Алла старательно решала задачу, тёрла пальцем лоб, зачем-то поднимала голову к потолку, прижмуривалась на доску, на которой были размашисто и броско начертаны условия. Но вдруг – какой-то, показалось Илье, вспышкой – она повернулась к Илье и открыто, улыбчиво взглянула в его глаза. Она совершила это действительно стремительно, вспышечно и настолько откровенно, словно бы весь урок и думала исключительно о том, чтобы посмотреть на своего друга, улыбнуться ему, а не решать эти скучные задачи. Илья оторопел, потерялся, поспешно перелистнул тетрадку и притворился, что пишет. Алла с ироничной изящностью повела губами, отвернулась и вписала последние цифры.
– Всё-с! – возвестила торжествующая и зачем-то даже вставшая на цыпочки Нина Семёновна. – Довольно, голубки́! Кто не успел – ставлю двоечку. С журналом пробегаю по рядам. Открывайте дневники!
В Панаеве вздрогнуло, похолодело. Но он покорно открыл дневник. Нина Семёновна прошла по всему классу, натренированно, заточенным взором проверила каждого ученика и оценила. Илье поставила двойку, однако он не столь жгуче и трагично огорчился, как ему совсем недавно представлялось.

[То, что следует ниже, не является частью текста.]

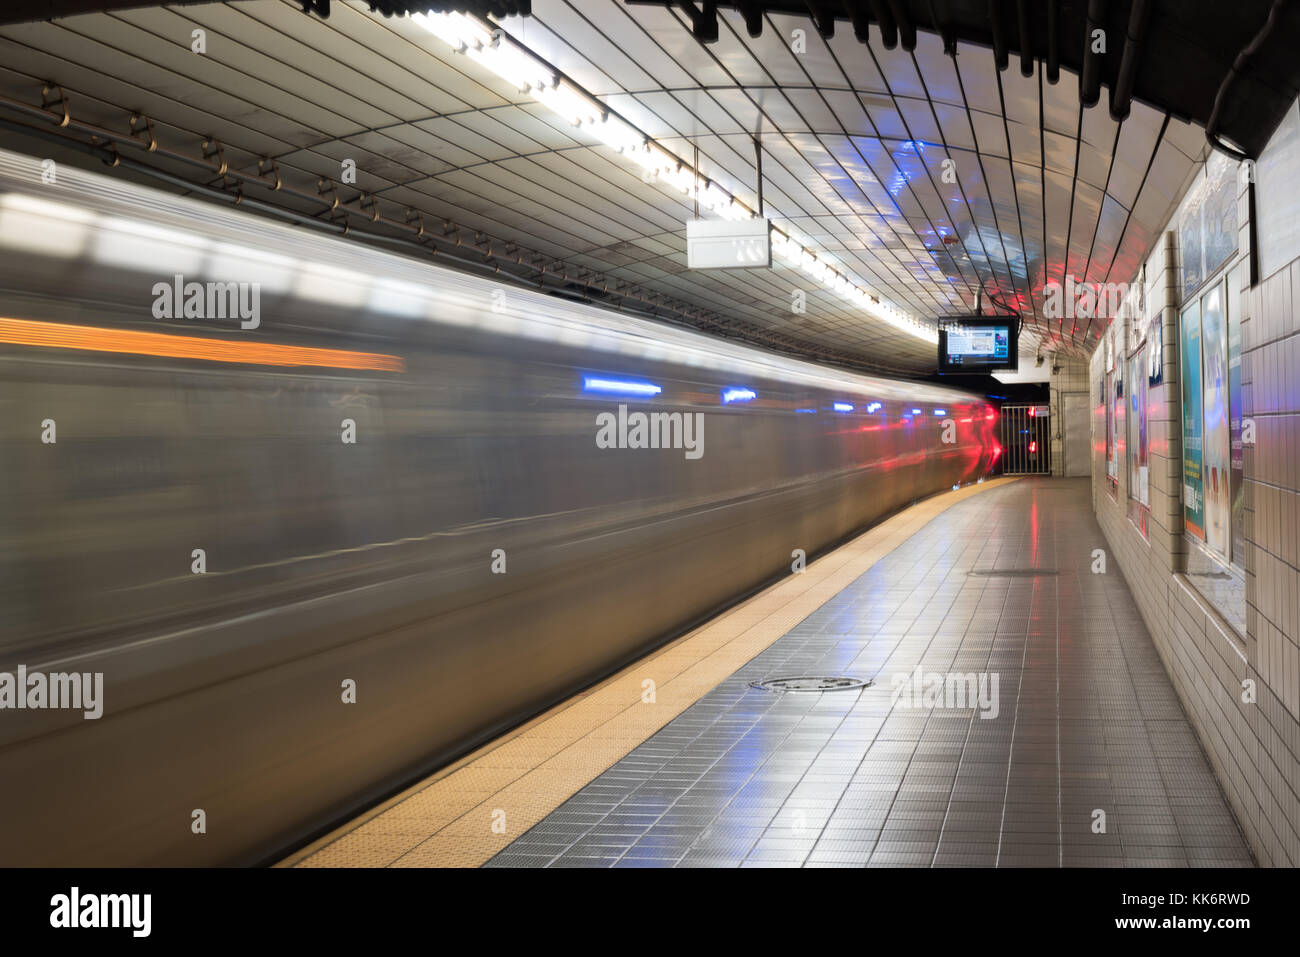 Jersey City, NJ - November 13, 2016: Train passing through

Горласто протрещал, отчего-то передёргивая душу Ильи, звонок. Ученики повскакивали с мест, не слушая Нину Семёновну, бесполезно объяснявшую домашнее задание.
Алла встала, но несколько неловко – у неё упала под стол ручка. Девушка низко склонилась. Илья внезапно – снова вспышкой – увидел её ноги, слегка обнажившиеся из-под коротенького школьного платья. Ему почему-то стало трудно дышать, воздух, этот обычный комнатный воздух, будто бы опалил и в мгновение иссушил горло.
Алла изящным подхватывающим жестом подняла ручку, о чём-то весело пощебетала с соседкой по ряду. Горделивым полуоборотом взглянула на Панаева. «Что же ты сидишь? – робко-наступательно спросила она своими редкостными, влажно и ласково блестевшими глазами, поправляя на груди свою прекрасную косу. – Разве не видишь, какая у меня большущая сумку? Кто мне поможет?»
Илья, как сонный или оглоушенный, замедленно поднялся, его ноги слабила странная истома, а в голове непривычно и пугающе кружило. Направился к Алле, которая, досадливо покусывая губу, шла к выходу, оставив для него сумку. Липатов подмигнул Панаеву:
– Ну, чё, Илюха, тоже узрел? Знаю, знаю! Эх, клёвые, я тебе скажу, у неё ляжки!..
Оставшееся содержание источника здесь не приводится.